Shortly thereafter (if not before), governments will make it illegal to go online with a device that doesn't do a remote attestation with Secure Boot, and they'll require that the OS has a system like Gatekeeper[0] which checks a centrally-managed blacklist every time you try to run an application.
Most of us will have illegal, unregistered phones then, running hacked firmware. Just look at Russia, China or all the illegal satellite dishes on Saudi rooftops.
It's an arms race all the way to the collapse of the system (or revolution). Rinse, repeat.
> Most of us will have illegal, unregistered phones then, running hacked firmware.

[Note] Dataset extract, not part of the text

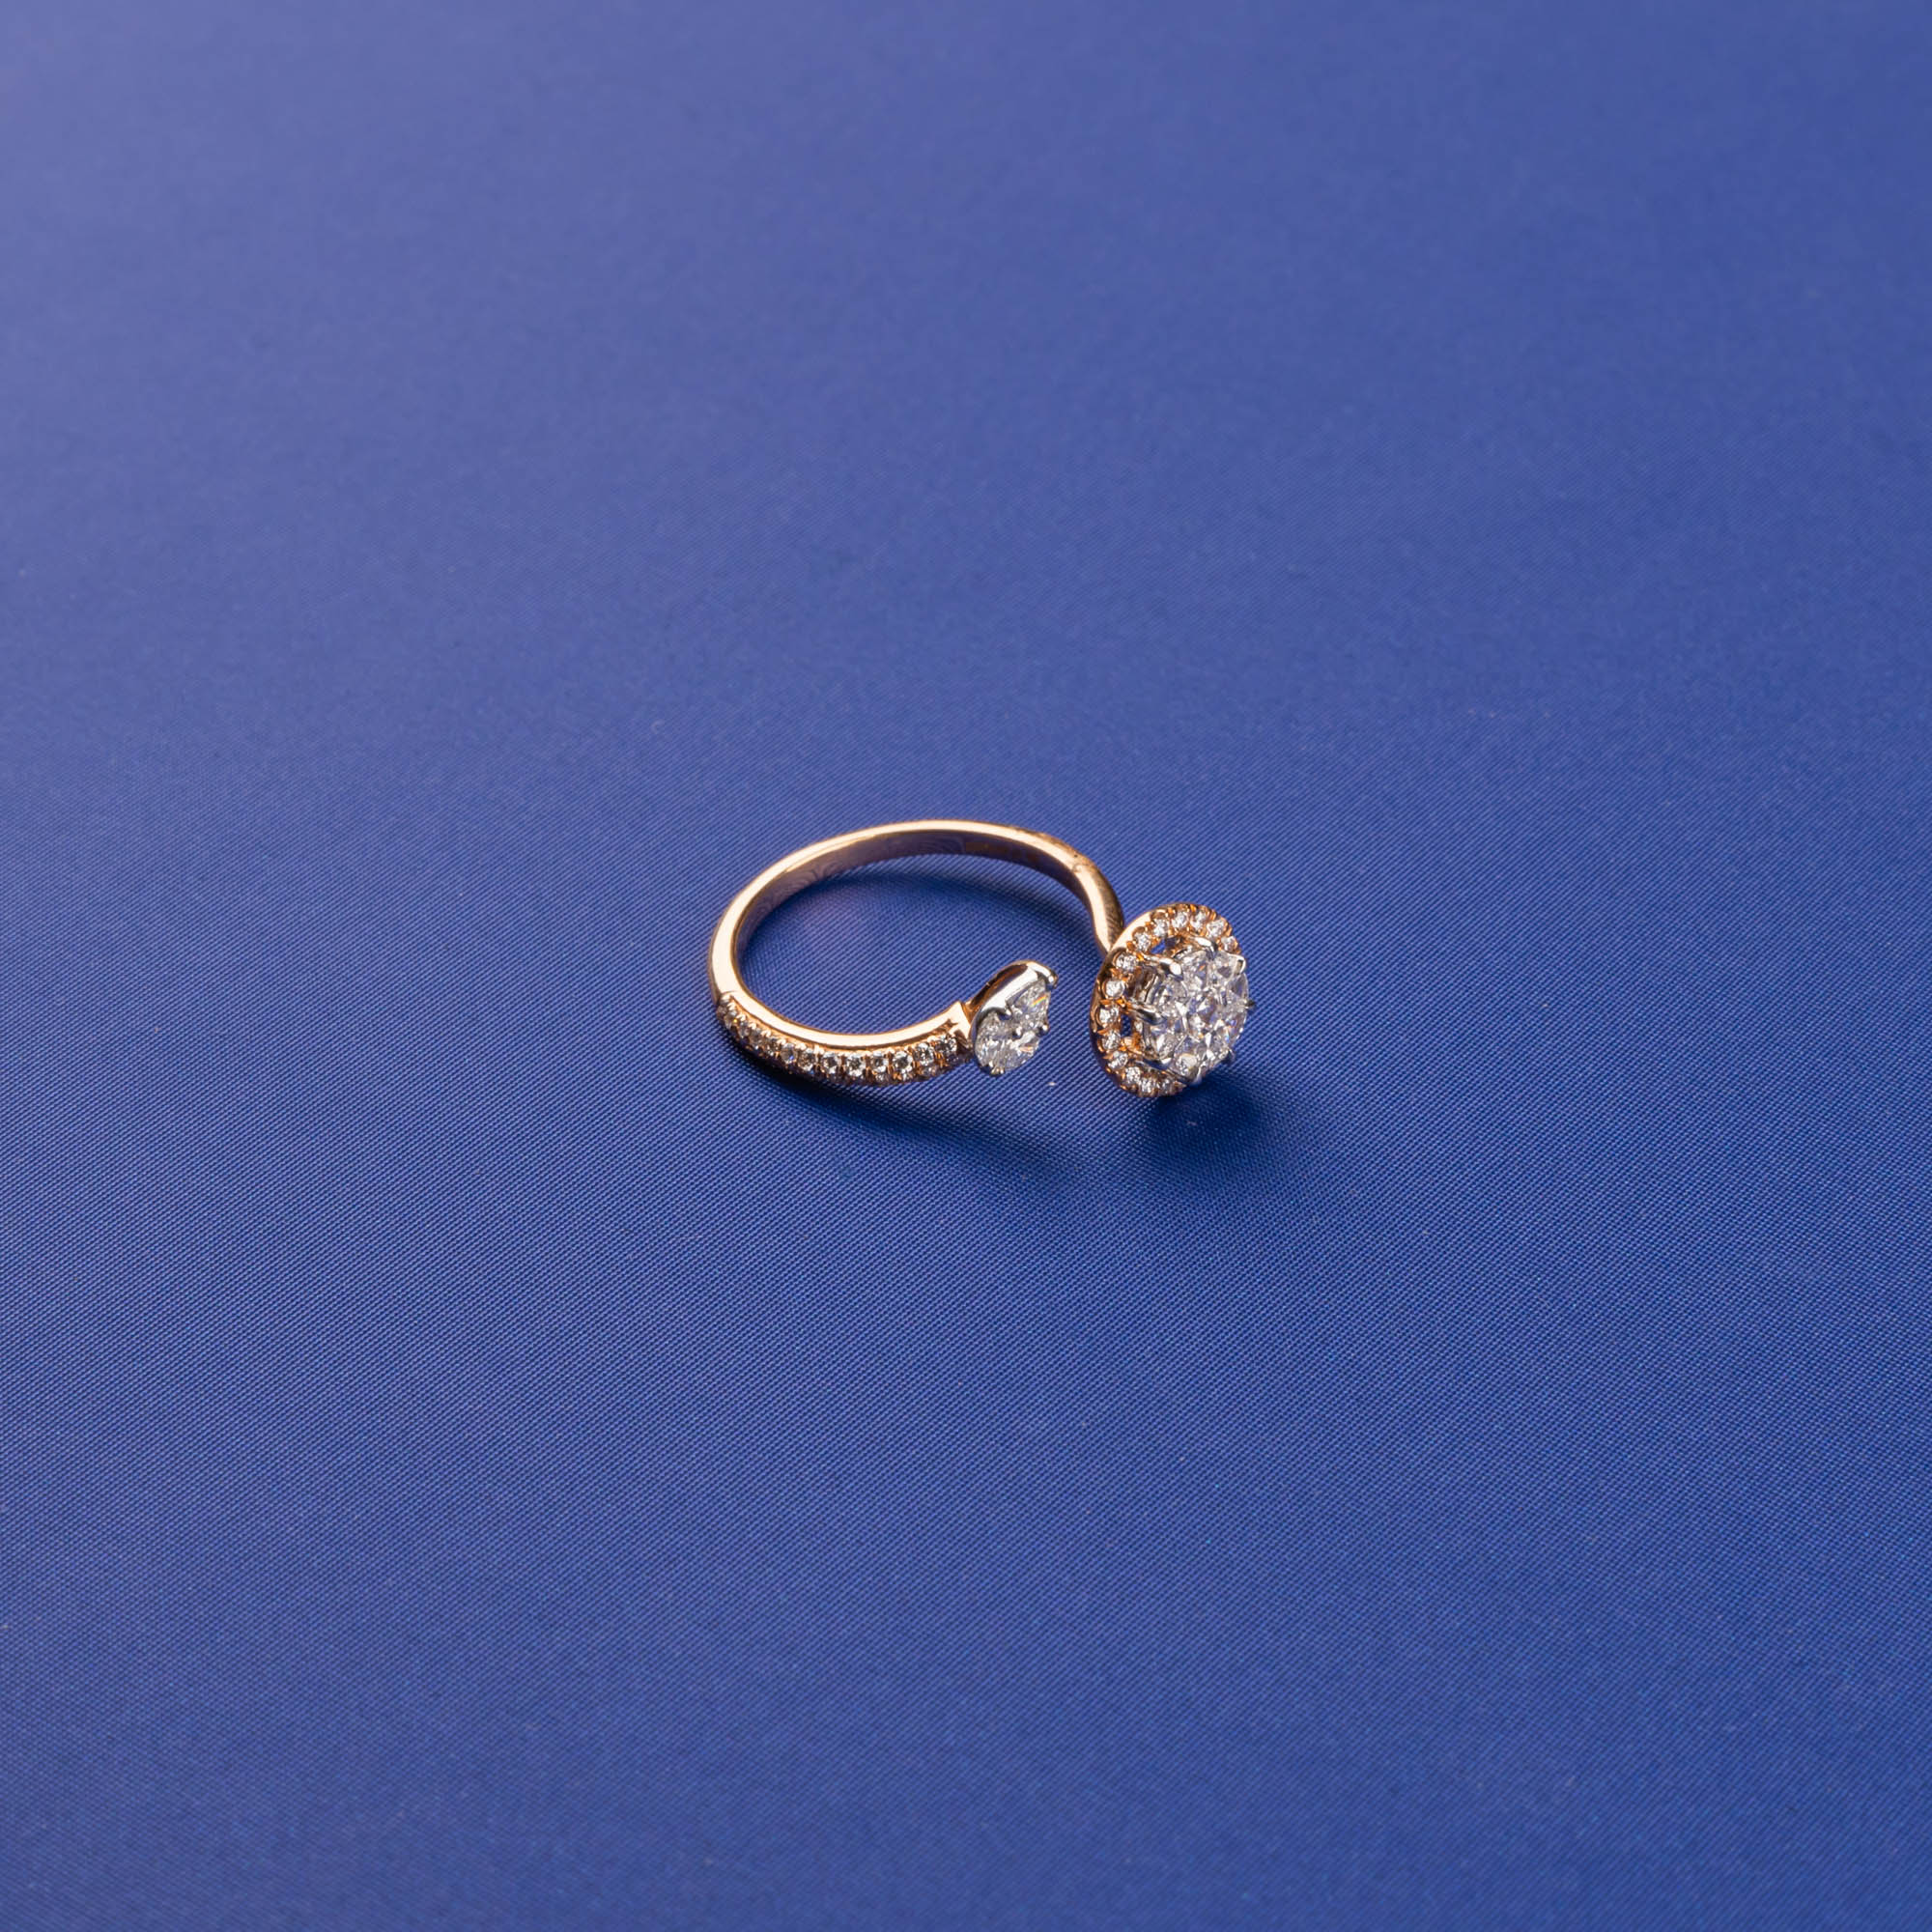 Delicate Splendor: Handmade 18K Rose Gold Diamond Ring

How easy is it to hack an iPhone to make it run unsigned code, which reports to a remote server that it is running the latest iOS version (with the correct cryptographic proofs)?

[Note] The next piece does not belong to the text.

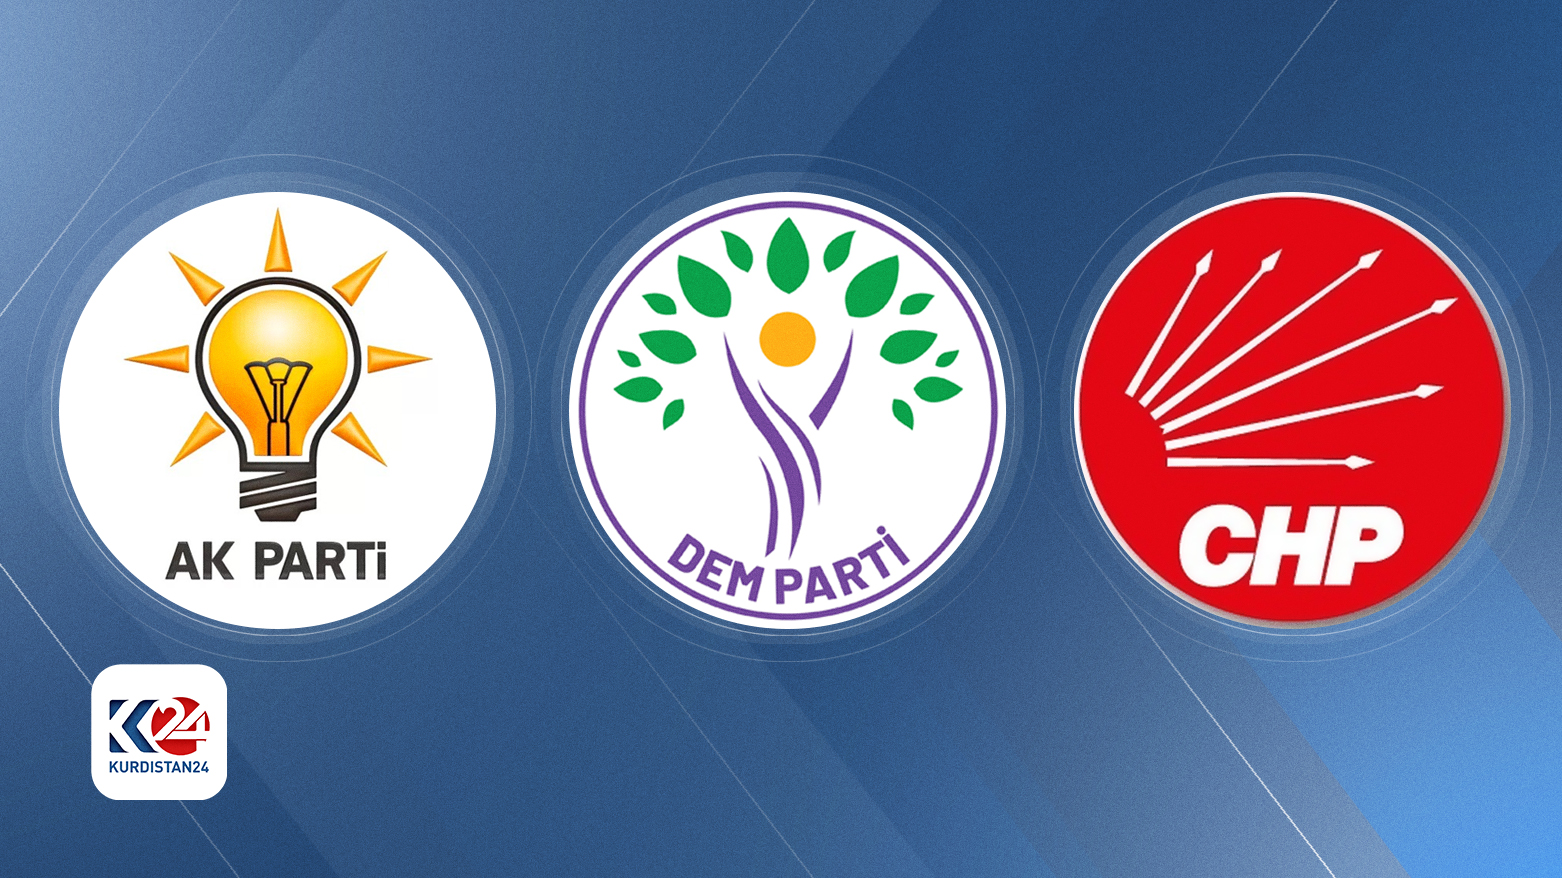 AK Parti, DEM Parti ve CHP logoları-Kurdistan24

Maybe other phones are more hackable right now, but I'm sure Apple wouldn't mind lobbying for a law that requires phones to meet the same standard as them, and that makes ISPs / mobile networks refuse access to any device whose Secure Boot implementation has been circumvented by "independent researchers".
Five years from now, the only people inconvenienced by such a draconian law will be 1) those whose phones run on completely Free Software, and 2) those who illegally import devices that use unpublished zero-days in order to commit highly profitable crimes online. Both groups will probably end up paying thousands of dollars per device, but governments will not care about the desires of either of them.